By: Gretchen Zdorkowski, Senior Lecturer in Agronomy
Getting Into Soil & Water 2013
Modern corn culture came to Iowa with the settlers that moved across the United States. Farmers, hopscotching westward to Indiana, Illinois and Iowa from the valleys of Ohio, Kentucky, and Tennessee, brought the agriculture of the Upland South with them- Dent corn and hogs. By the start of the Civil War corn-hog agriculture was already well established in Iowa. Part of its attraction was the amenability of the land and the climate– but corn yielded twice as many bushels. And therefore pounds, per acre than wheat- an impressive ratio only further enhanced once hybrid corn opened the door to yields soaring to 3-3.5 times that wheat. An additional impetus to pairing corn and hogs was that they allowed for two market opportunities: corn sold as corn, and corn concentrated into and sold as livestock—and even the earliest Iowa farms had their eyes on cash sales or trades for goods they could not produce.
Markets developed right along with swelling production. By the latter half of the 1800s, railroads were moving commodity products faster and more cheaply than wagons to the river and barges to centers like St Louis, and the telegraph quickly and effectively connected distant markets with sellers. Chicago was the locus of meatpacking as early as the late 1880s, and corn was always needed there to feed and fatten the country’s beef and hogs. Corn became easier and easier for a farmer to sell, as grain elevators gathered regional products and whisked it along to service the country’s seemingly end- less desire for meat.
With these factors at work, it’s not surprising that corn production rose, periodically creating destructive lows in prices.
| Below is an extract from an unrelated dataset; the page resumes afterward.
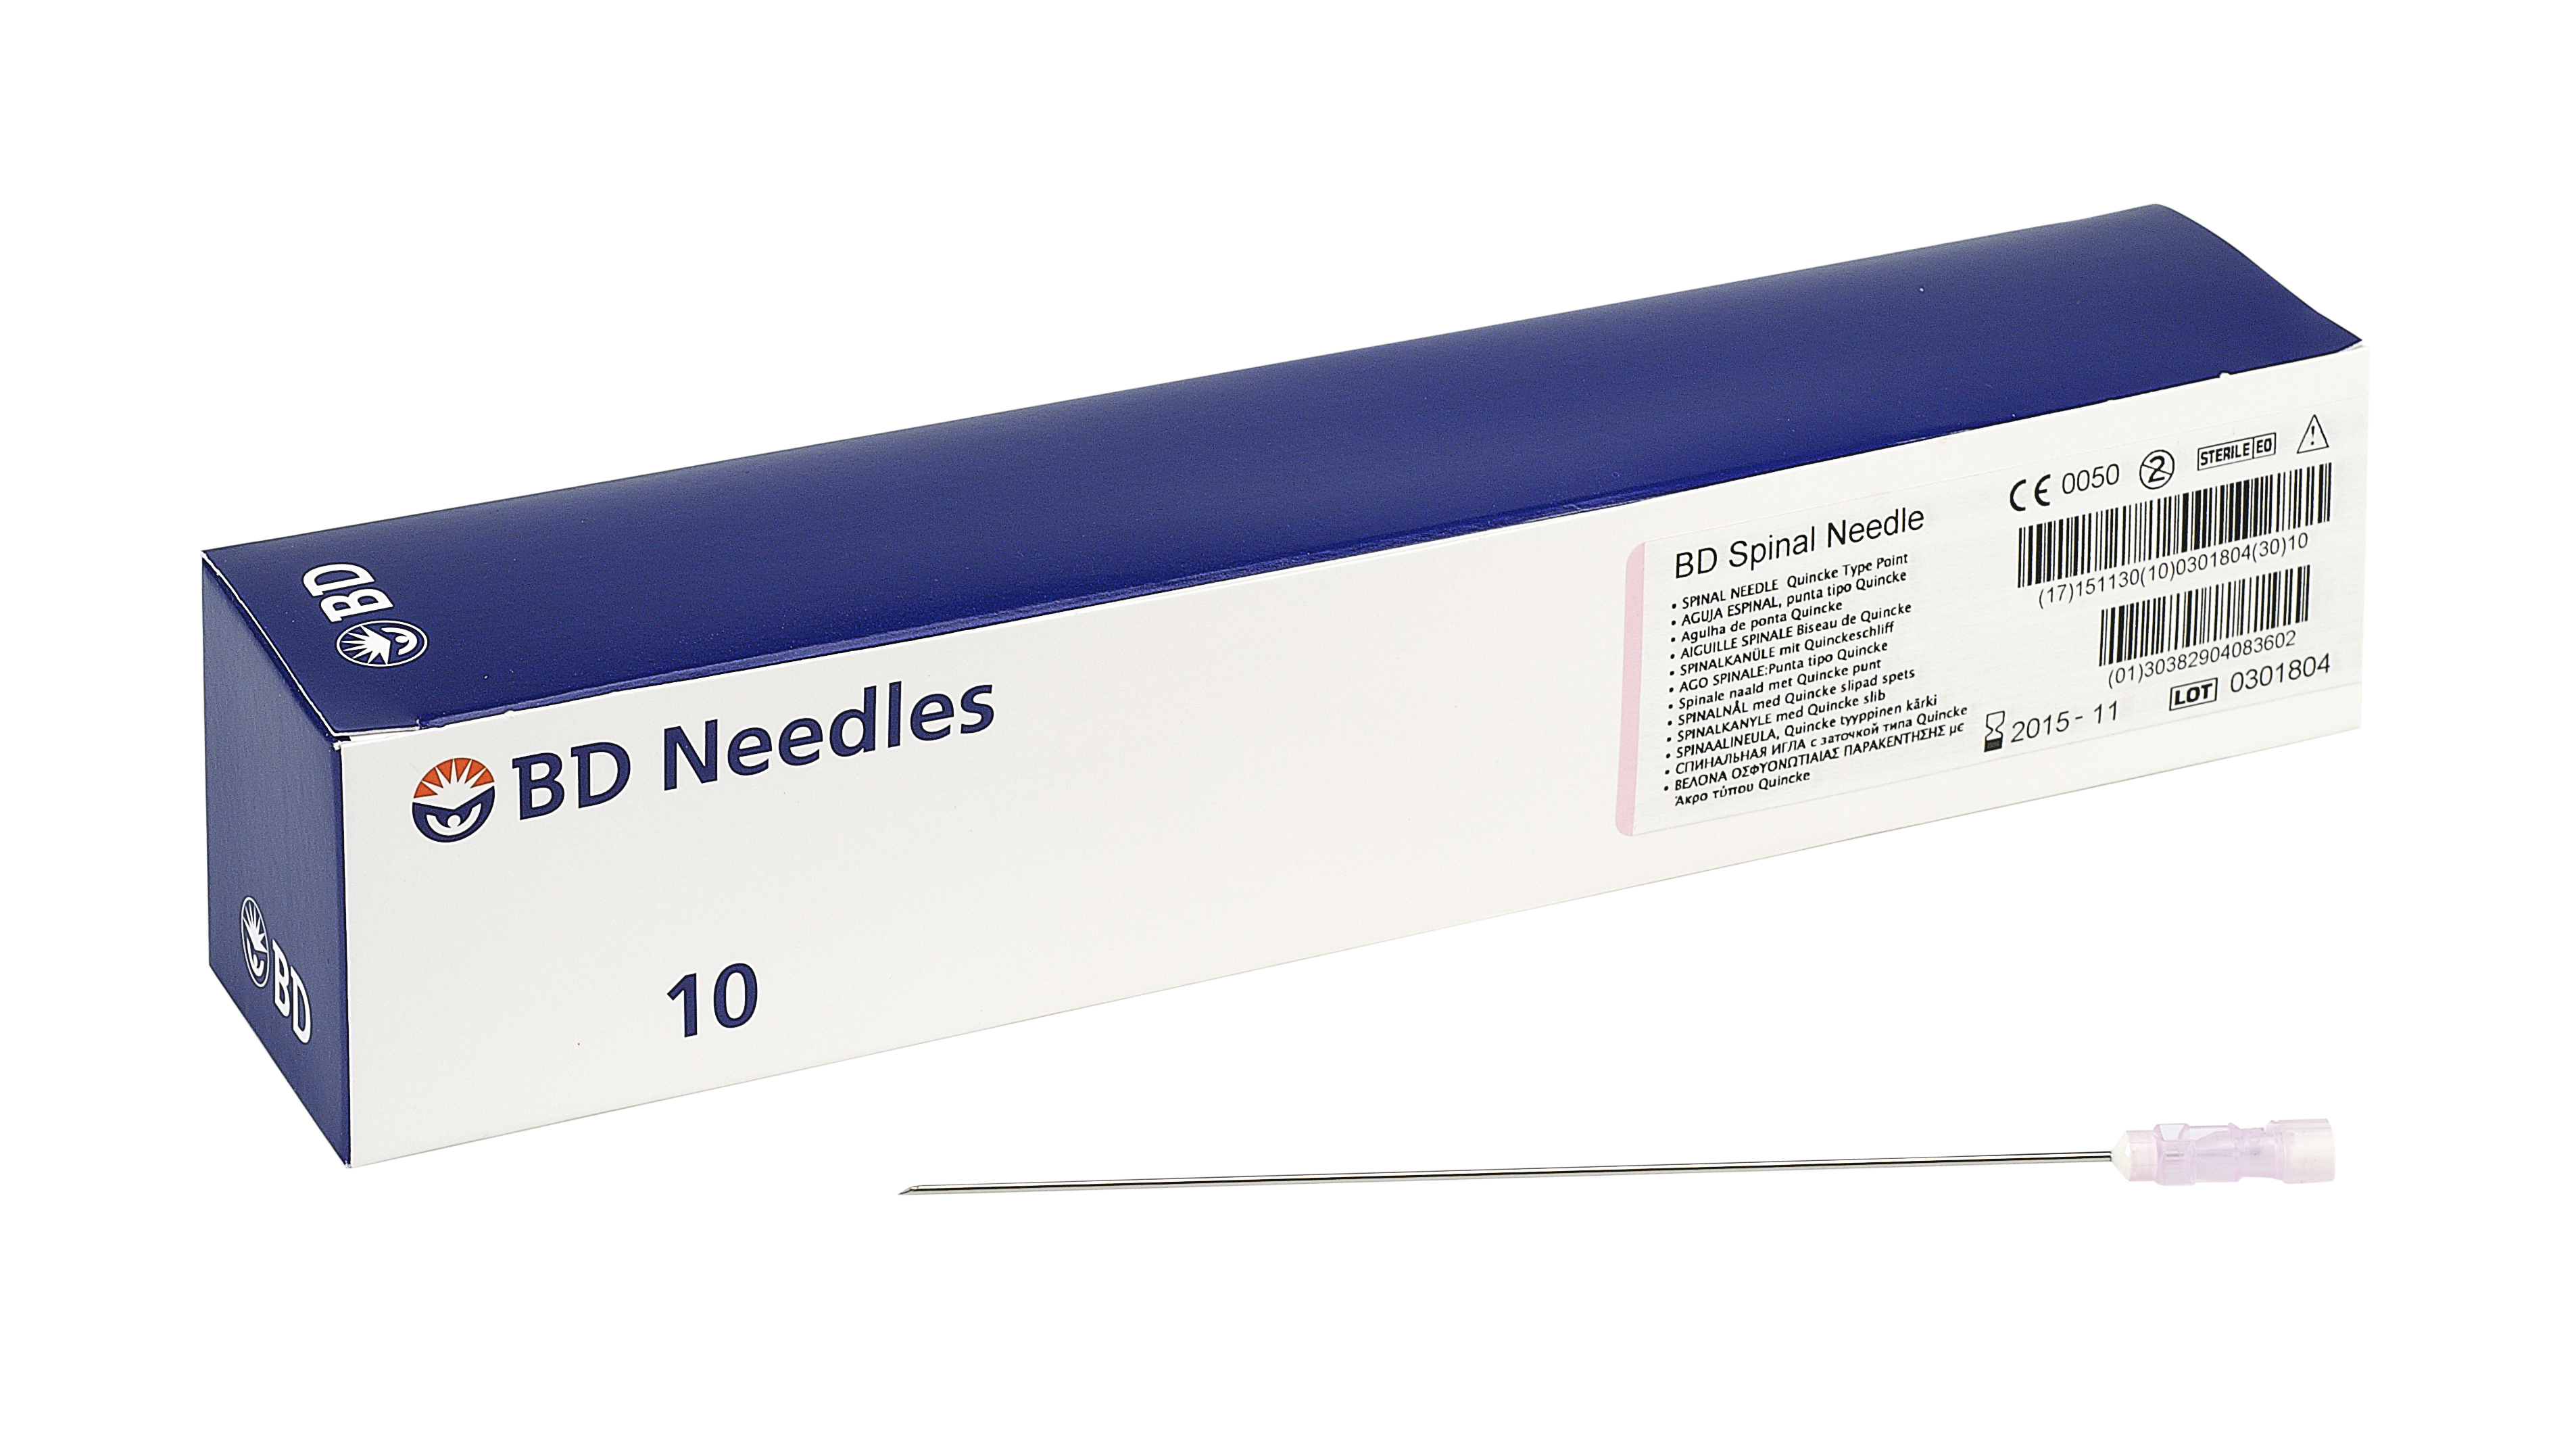 BD Needle Spinal 20Gx6, 10pcs

This pitch and yaw led Roosevelt’s 1933 New Deal administration to put the first commodity subsidies in place—primarily for the purpose of controlling overproduction and stabilizing price—but also creating the first of a long line of structural encouragements for farming the crops that are protected in this way. Non Recourse loans through the Commodity Credit Corporation sheltered corn and other farmers from low market prices, conservation programs tied payments to production controls for targeted crops and later, loan deficiency payments, direct payments and counter-cyclical payments made growing these designated crops increasingly attractive as they reduced financial risk. And as these programs set payments based on yield, the more corn or other supported commodity a farmer grew, the bigger the support check in the mailbox. Alongside the farm programs, 1980 and 1994 crop insurance acts added premium subsidies for crops with lobbies large enough to make a splash in Washington, and for crops grown in sufficient abundance to provide information for actuarial analysis.
Commodity crop production became economic engines in states like Iowa and the focus of research and development through the USDA, through Agronomy departments at land-grant universities and in private companies. Seed companies improved germplasm to heighten yields and sales, chemical companies directed energies toward providing inputs that enabled those heightened yields to be fulfilled, and companies specializing in agricultural machinery enlarged their lines, attachments, and the sizes of their machines to service the lucrative market of commodity agriculture. Rivers of funding, intellectual capital and innovation converged to enhance the production of commodities—most particularly, corn. Synergies between the research, teaching and outreach arms of the USDA, the land-grant universities and Cooperative Extension facilitated the movement of the ideas and information developed from laboratories and field plots to the class- room out into the countryside with training provided by the county Extension agent, land-grant faculty with Extension responsibilities, and advice from the local co-ops and their agronomists. And as all of these drivers interacted to increase productivity, opportunities for new markets and new uses opened up; in the case of corn, from ethanol to sweeteners, to components of crayons, plastics and wallboard, all in turn, enticing further production. The trade-off for this bonanza of infrastructure for farmers has been that farm size has had to increase, both to manage small margins by increasing the number of units for sale and to spread out the fixed costs of increasingly sophisticated, extensive and expensive inputs.
Farm families have grown corn in Iowa for 150 years now, many families passing down the evolving culture of corn production from generation to generation. Now, accumulated information and varieties and inputs and machinery facilitate management to such an extent that a single family has the power to farm thousands of acres. The external resources they need are easy to find, and a market, as close as their co-ops, is readily available. Crop prices have been problematic, to be sure, and land prices can be a headache, but underneath them, there is a safety net, nearly 80 years old.
One of the skills Girl Scouts of my vintage learned was how to take common string like jute or binder twine and turn it into high quality, strong rope. The key to success was twisting multiple strands first around themselves, then ‘tripling’ the line back on itself to make a rope whose strength came from the many strands as well as the degree they spiraled around one another in the twist. I see this rope when I think of corn production in Iowa and I wonder how it is that a farmer would grow anything else. And if it is important for them to grow something else, this is what we must first understand.